Üçlüden ikisi erkekti, kaliteli zırhları vardı ve krallığın amblemini üzerlerin de taşıyorlardı. Bu da onları kesinlikle şövalye yapıyor diye düşündü. Az önce ki soru soran adam muhtemelen sadece muhafızların başıydı. İki şövalyenin ardından diğer kişiye bakmaya baktı. Üstü başı yırtık ve her yerin de kan olan bir kadındı. Eteği dizlerinin altından itibaren yırtılmıştı ve ayakkabıları yoktu. Saçları kir ve kan içerisindeki kadına baktı. Kadının yüzündeki o tanıdık endişe ve korku dolu yüzünü görünce duygulanmıştı. Gözlerinden yaşlar akmaya başlamıştı.

"Anne..." diye fısıldadı.

Genç kızın sesi kalabalığın arasın da kaybolmuştu ancak, yorgun ve sinirli kadın sanki duymaktan ziyade hissetmiş gibi kıza doğru dönmüştü. Lena'ya baktığında yüzündeki tüm korku ve endişe kayboldu. Kızına doğru koşup sıkıca sarıldı.

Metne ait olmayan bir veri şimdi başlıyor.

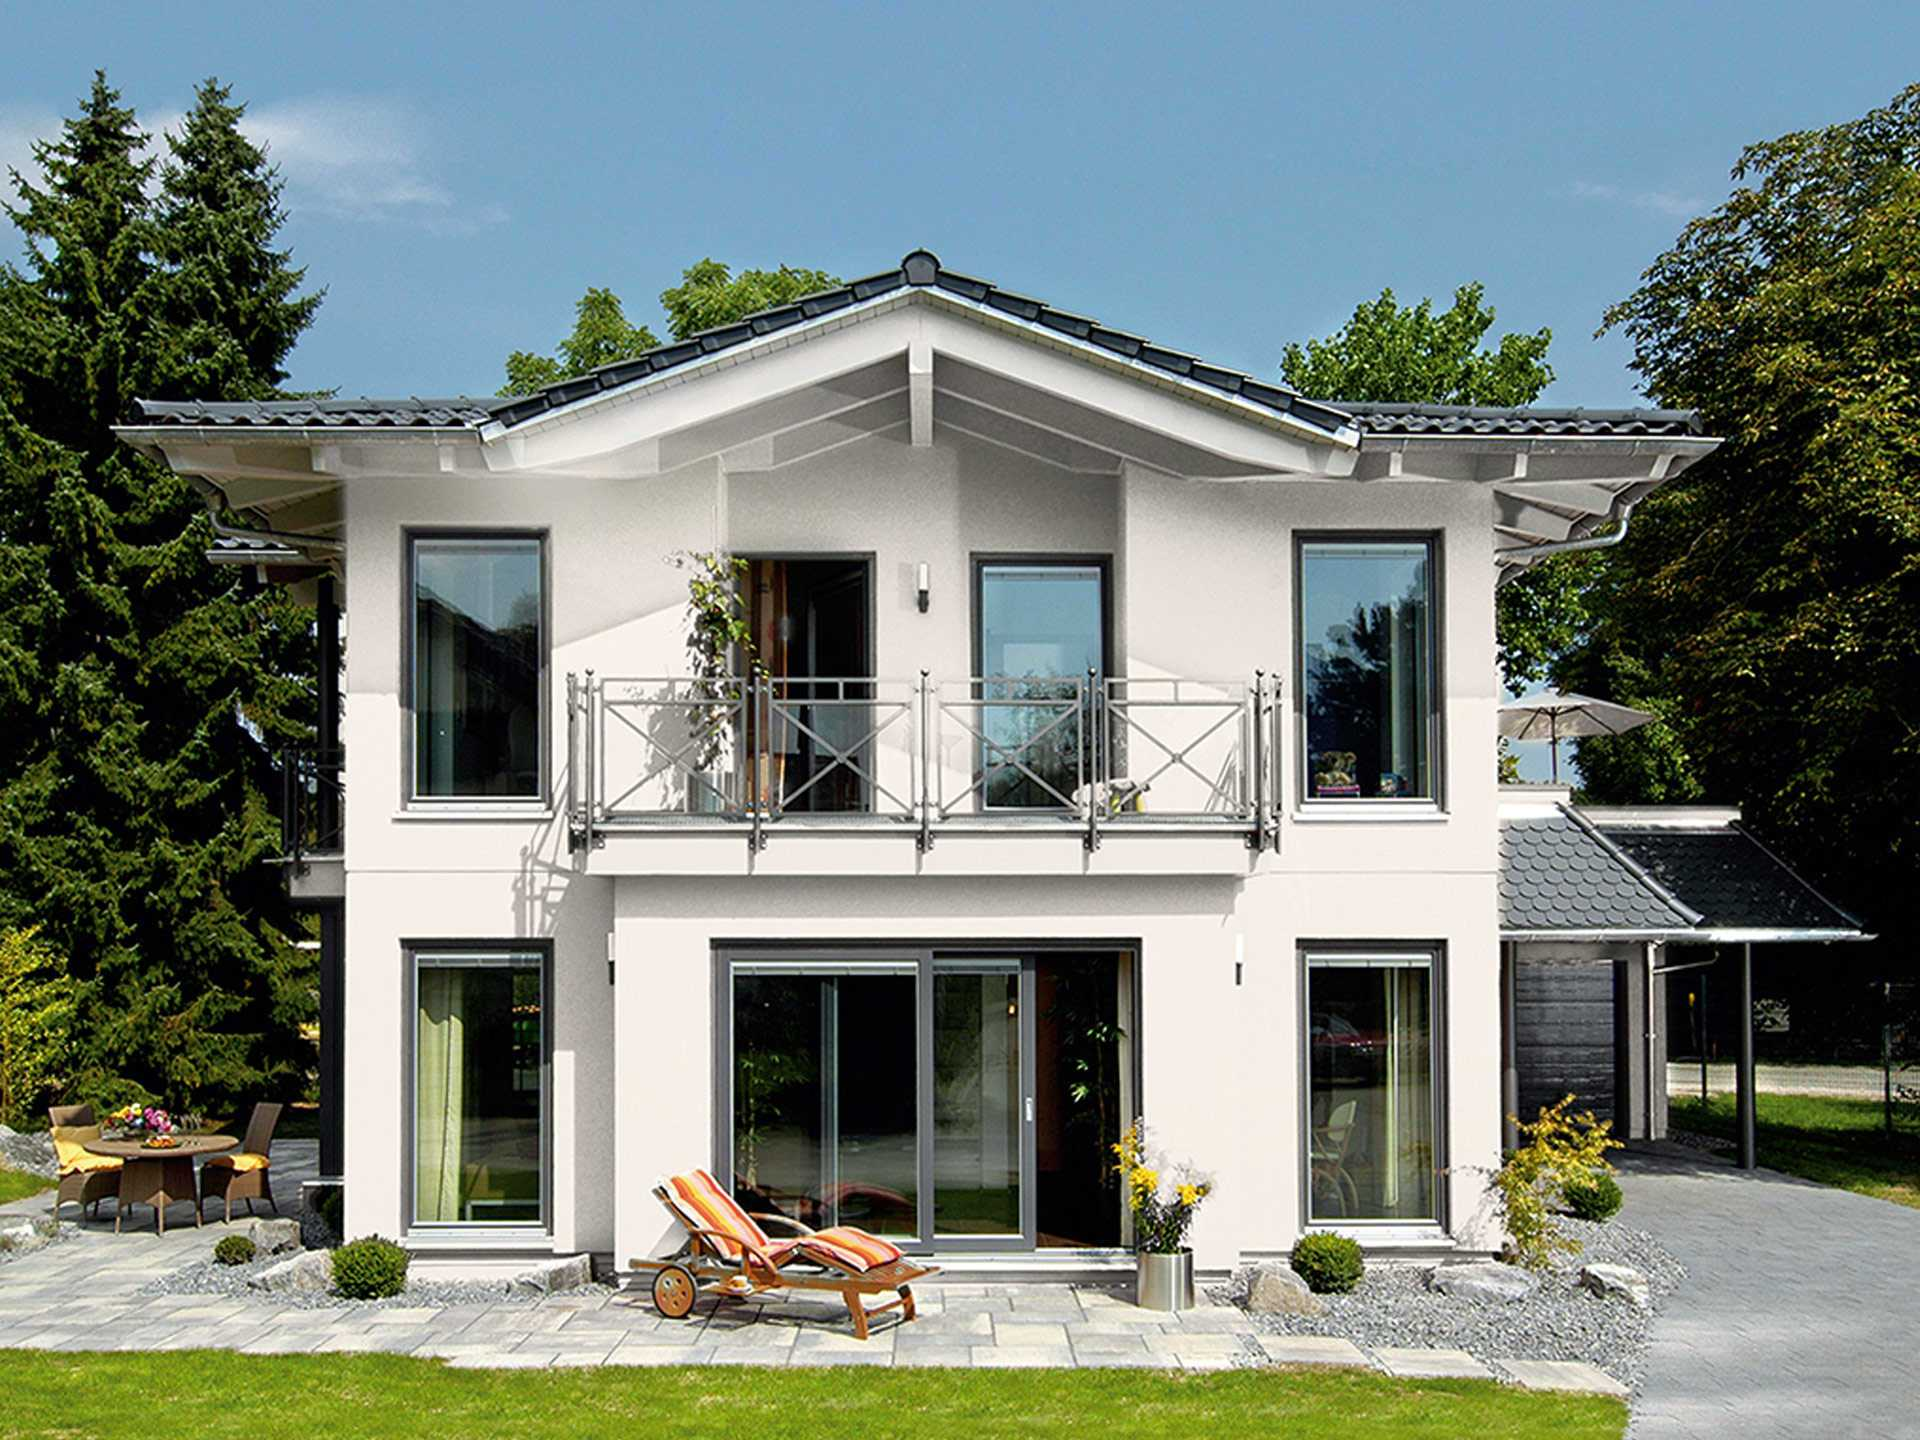 Hausbau center ulm des bdf e v for Fertighaus grundrisse einfamilienhaus

Annesinin sanki ışınlanmış gibi bir anda yanına vardığını ve kendisine sıkıca sarıldığını fark edince kendini tutamayarak sesli bir şekilde ağlamaya başlamıştı. "Ah Lena! Sana bir şey olmadı ya?" diye fısıldarken gözyaşlarına hâkim olamıyordu.

Tesila, kızın üstüne başına bakarak bir yarası olup olmadığını görmeye çalıştı. İyi görünüyordu, tekrardan kızına sarılıp başını öpmeye başladı. Kocasını kaybetmesinin ardından kızını kurtaramaması onu mental açıdan tüketmişti. Şövalyelere yalvararak bir an önce hanın içerisine girip kızını kurtarmak istiyordu ancak hala yanan birkaç yer olduğundan ve haydutların nerede olduklarını ve amaçlarının ne olduğunu bulamadıkları için bunu çok tehlikeli bularak kimseyi enkaza yaklaştırmıyorlardı. Öyle ki haydutlar tarafından oklarla vurulan cesetler hala oldukları yerde yatıyorlardı. Ve kocası da o cesetlerden biriydi. Kafasını kemiren bir karga tarafından gözlerinin önün de yeniyordu.

Ahır da çöktüğü için sadece çatı kısmı gözüküyordu ancak kocasının en çok bulunduğu ve vaktini geçirdiği yer olan vagon tamir kulübesi sağlam bir şekil de ayaktaydı. Ancak kapısın da çökmüş olan bir ceset vardı. Tam seçemese de gördüğü kadarı ile göğsüne iki tane ok saplanmıştı ve çevresinde birkaç tane karga vardı. Cesedi tanıyınca gözyaşlarına hakim olamamış ve oraya doğru koşmaya başlamıştı ancak muhafızlar onu tehlikeli olduğu gerekçesiyle durdurmuşlardı.

2 saat boyunca şövalyelere ve muhafızlara bağırıp yalvararak yardım istemişti. Ancak sonun da kalbinde ki huzursuzluğun dağıldığını hissederek sıcak ve sevgi dolu bir şey hissetmişti. İlk doğum yaptığında ve doğurduğu çocuğunu ilk gördüğün de ki o sıcak histi.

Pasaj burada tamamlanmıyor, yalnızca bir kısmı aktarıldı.